Campaign Watchdog: Union's claims about Rand Paul and Social Security 'mostly true'

The Herald-Leader will fact-check statements made by candidates and their surrogates in the campaigns for Lexington mayor, the 6th Congressional District and U.S. Senate.

The statement: Rand Paul “supports privatizing Social Security and reducing benefits by raising the retirement age to 70.”

— Kentucky State AFL-CIO, in a mailer supporting Democrat Jack Conway’s campaign for the U.S. Senate against Republican Paul

The ruling: Mostly true

The facts: Privatizing Social Security would allow workers to control their own retirement money through personal investment accounts. It is a proposal to prevent Social Security's predicted financial shortfall in the future.

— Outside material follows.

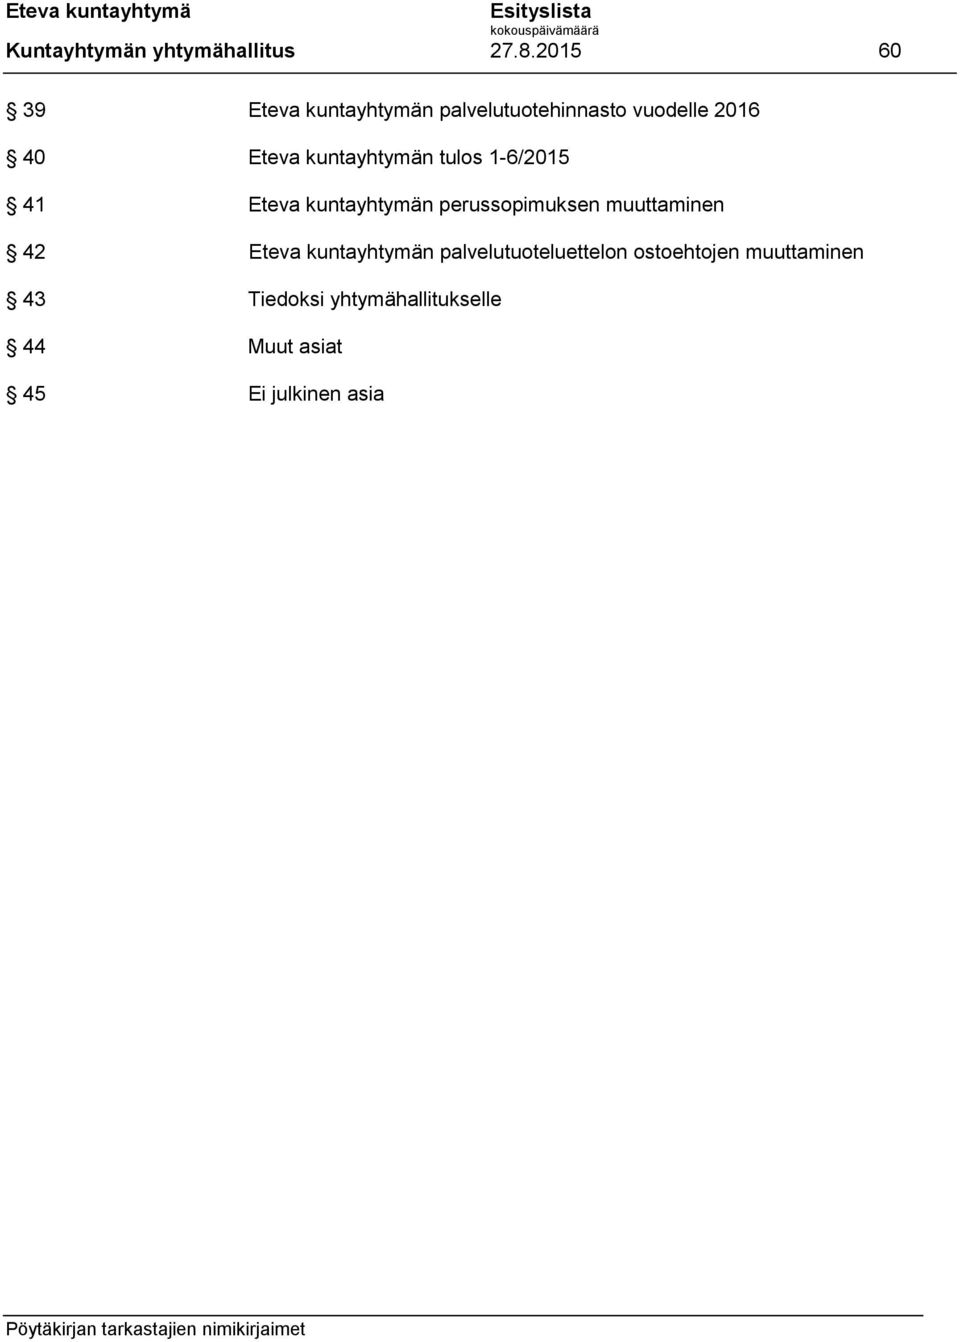 kuntayhtymän tulos 1-6/2015 41 Eteva kuntayhtymän perussopimuksen muuttaminen

Although the AFL-CIO mailer leaves the impression that Paul might want to privatize Social Security for everyone, he had told the Herald-Leader in May he will not "abolish Social Security for retirees or near retirees, nor will I cut benefits."

However, he has advocated for allowing younger people to "opt out" of Social Security and said the retirement age "probably" needs to go to 70.

The AFL-CIO mailer notes a Feb. 22, 1998, Kentucky Educational Television show and a May 24, 2010, Huffington Post column as sources for its claims.

On the 1998 edition of Kentucky Tonight, Paul said younger workers should be allowed to "opt out" of Social Security and "get a better investment."

"Social Security is a bad investment for the working man," he said.

The Herald-Leader could find no evidence that Paul's position on partial privatization of Social Security for younger individuals has changed since that time.

In the Huffington Post article, syndicated columnist Mark Miller said Paul's solution for Social Security's long-term solvency problems "is boosting the retirement age to 70."

Nate Byer, a spokesman for the state AFL-CIO, said this week the labor union also used as a source for its mailer a May 15, 2010, report by cn|2 Politics.

"At a March 29 meeting with voters at the Manchester Pizza Hut, however, Paul said the Social Security eligibility age 'probably has to' go up to 70," cn|2 reported.

"It's hard to go around campaigning on that, it's about as unpopular of an issue as there is, but it probably has to happen," Paul said at the time. "We moved it to 67 gradually. Probably that's what you need to do again to 70."

When asked this week on the campaign trail if the AFL-CIO mailer was accurate and if he supports privatizing Social Security and raising the age to receive benefits, Paul responded by saying "there are a lot of solutions out there to try to fix it.

"All I've said is that a lot of these solutions will have to be discussed and difficult decisions will have to be made," he said. "The exact policy decisions are best done through a bipartisan commission."